Что-то сжимало сердце Томассо, сдавливало и сдавливало, пока он смотрел, как умирает его брат. Двое стражей, обученные отводить от своего господина совсем другие удары, шагнули вперед и носками сапог перевернули Таэри на спину.
– Глупцы! – рявкнул Альберико, впервые выказывая признаки неудовольствия. – Он был нужен мне живым! Они оба были нужны мне живыми!
Солдаты побледнели при виде ярости на его лице.
Затем центр действий переместился в другую часть комнаты.

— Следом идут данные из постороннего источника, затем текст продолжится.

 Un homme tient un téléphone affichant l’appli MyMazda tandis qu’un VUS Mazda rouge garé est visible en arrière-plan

С животным ревом, в котором смешались ярость и боль, Ньеволе д’Астибар, сам очень крупный человек, сцепил пальцы обеих рук, наподобие молота или булавы, и изо всех сил обрушил их на лицо ближайшего к нему солдата. Этот удар расколол кости, словно дерево. Хлынула кровь, солдат вскрикнул и тяжело осел, привалившись к гробу.
Все с тем же ревом Ньеволе схватил меч своей жертвы.

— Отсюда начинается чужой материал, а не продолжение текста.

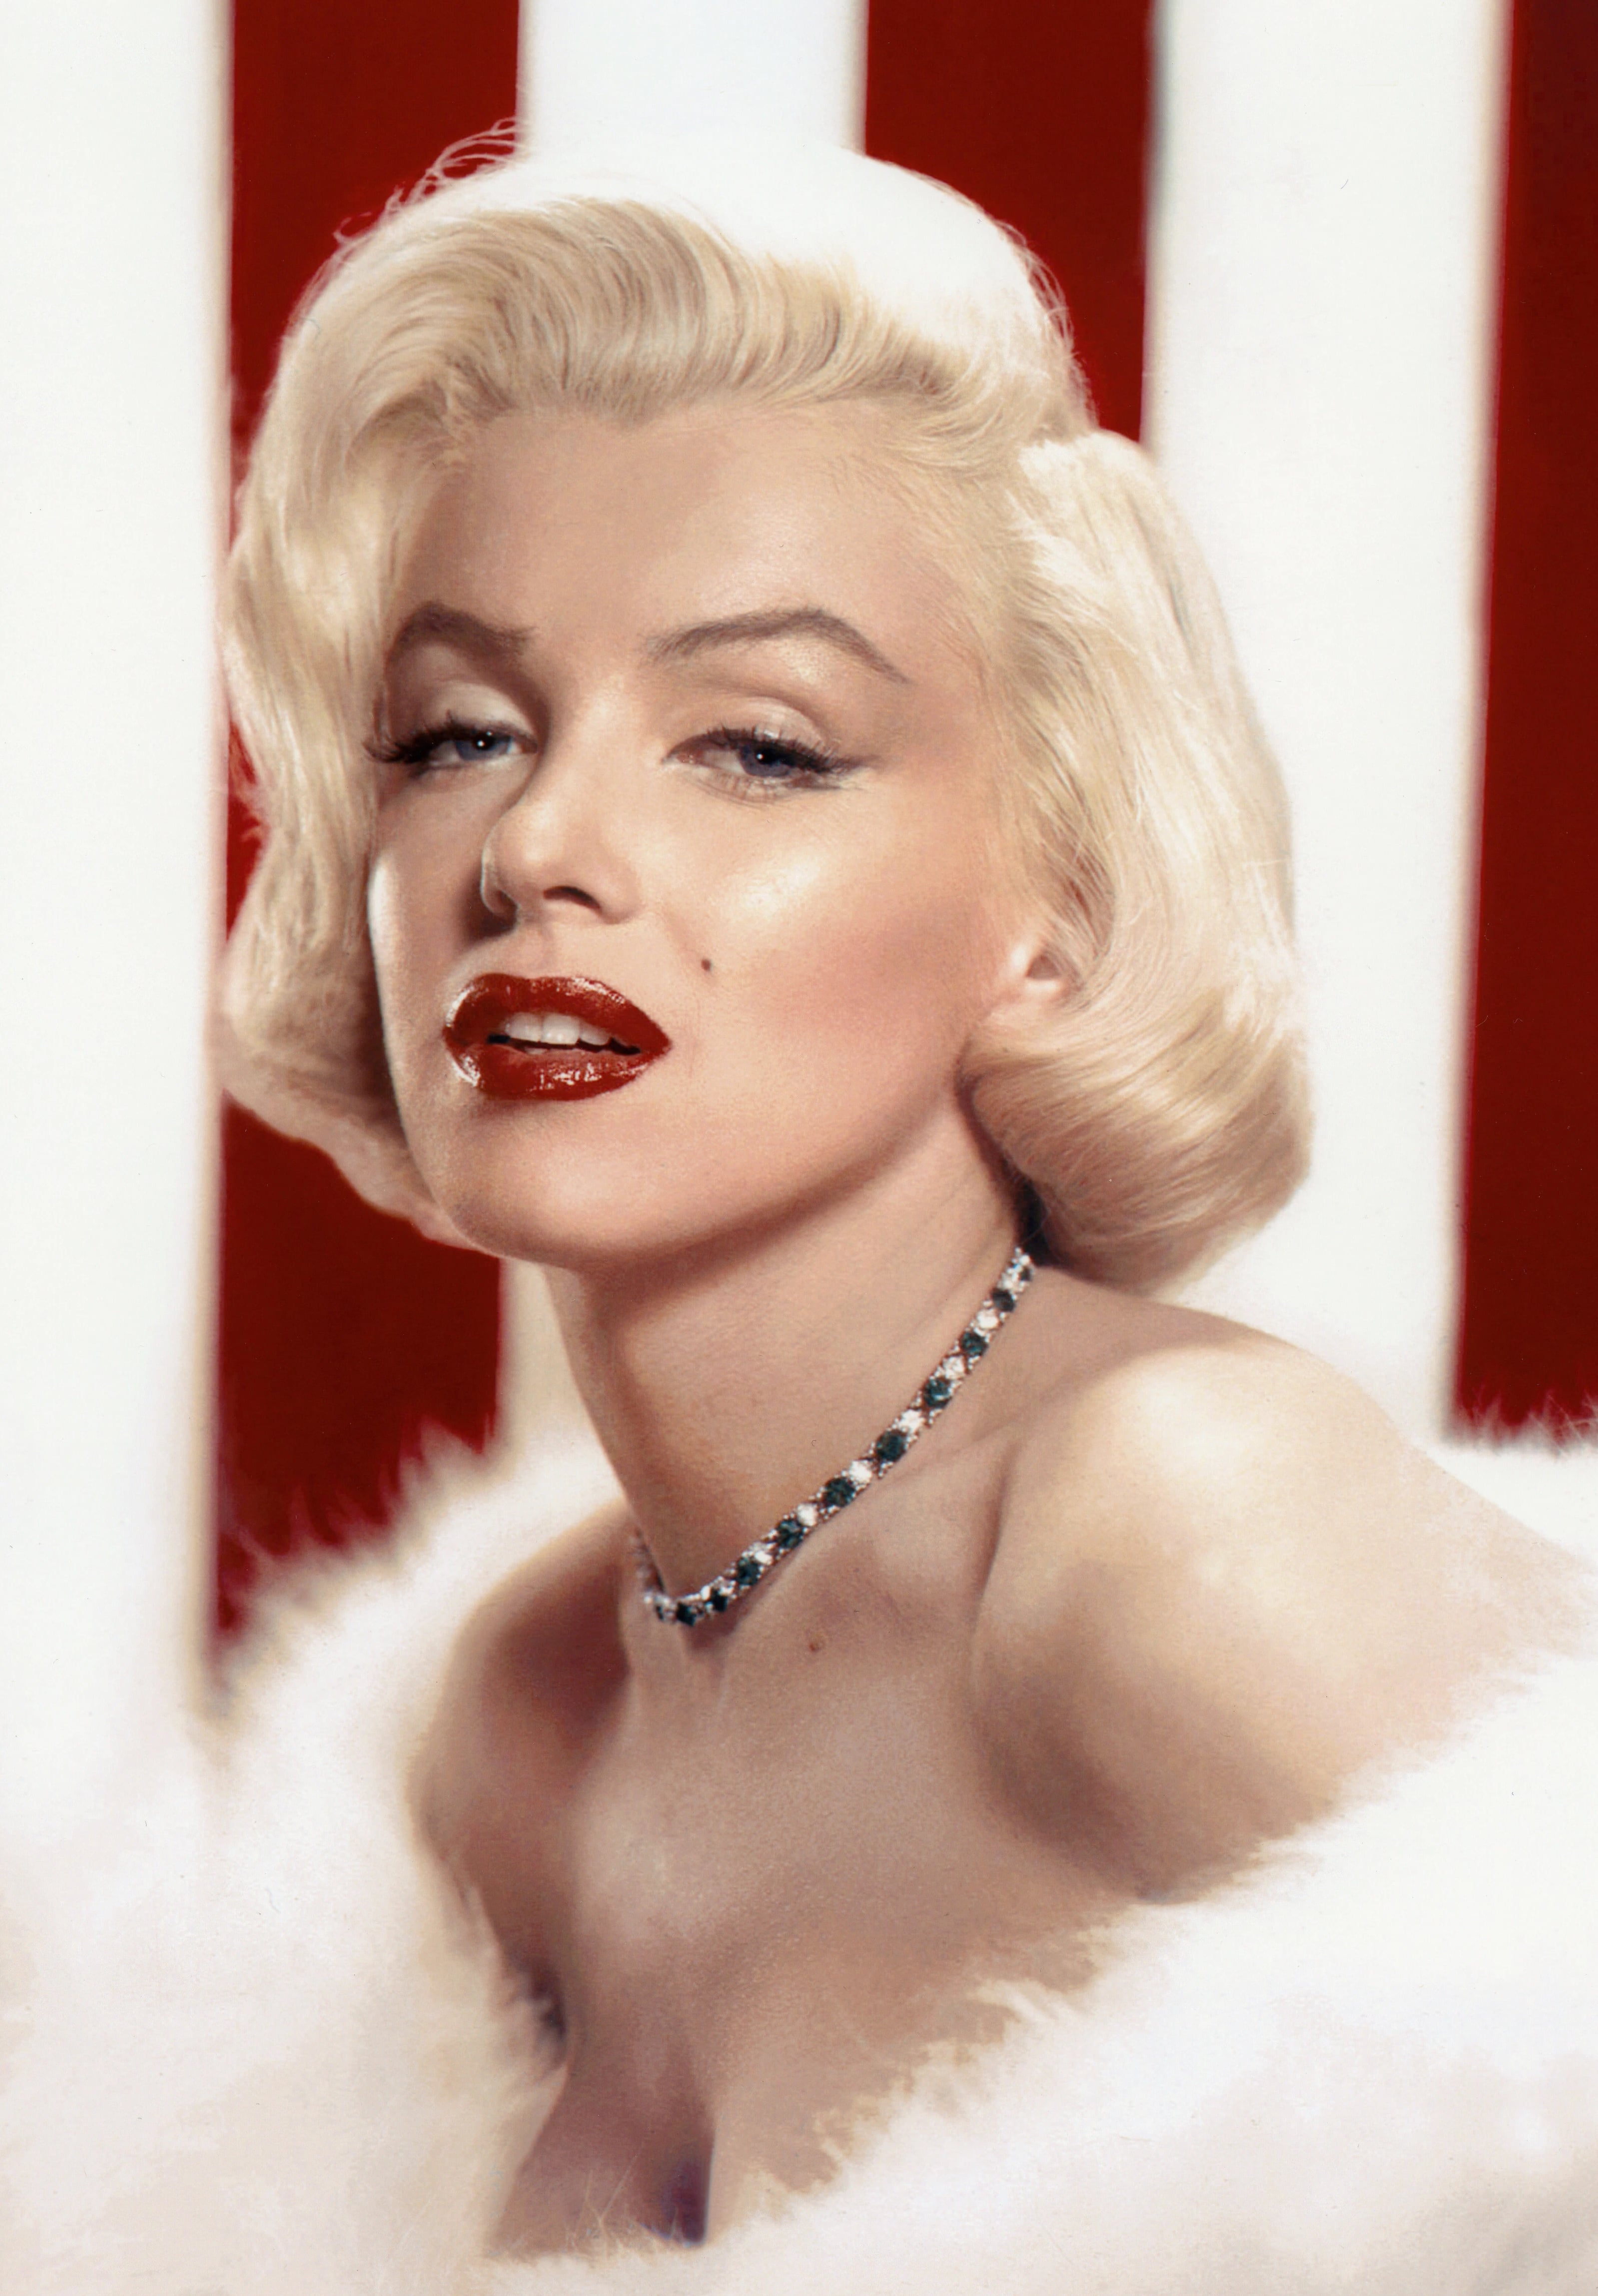 auteur Marilyn Monroe de la citation L'imperfection est la beauté, la folie est géniale et il vaut mieux être absolument ridicule que absolument ennuyeux.

Он уже выхватил его из ножен и начал поворачиваться для битвы, когда четыре стрелы вонзились в его горло и грудь. На мгновение лицо его обмякло, глаза широко раскрылись, губы расслабились и сложились в мрачную, торжествующую улыбку, потом он соскользнул на пол.

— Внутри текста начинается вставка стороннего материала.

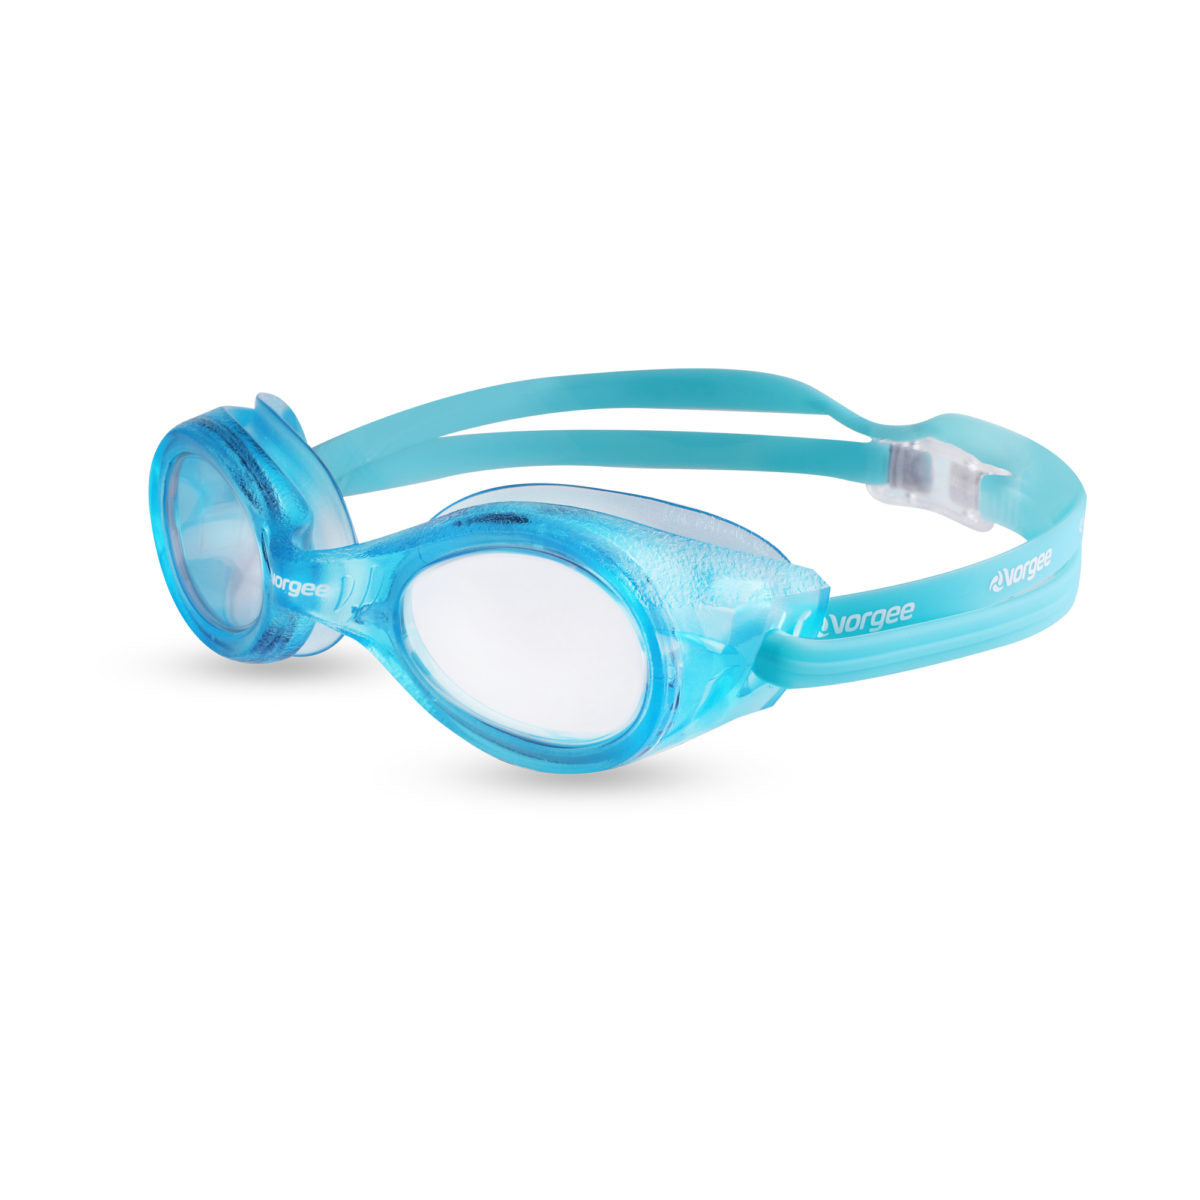 Vorgee Adult Swim Goggles

И тогда, именно тогда, когда все глаза были устремлены на упавшего Ньеволе, лорд Скалвайя сделал то, на что не решился никто. Утонувший в кресле, настолько неподвижный, что о нем почти забыли, престарелый патриций твердой рукой поднял свою трость, прицелился прямо в лицо Альберико и нажал на скрытую пружину, спрятанную в ручке.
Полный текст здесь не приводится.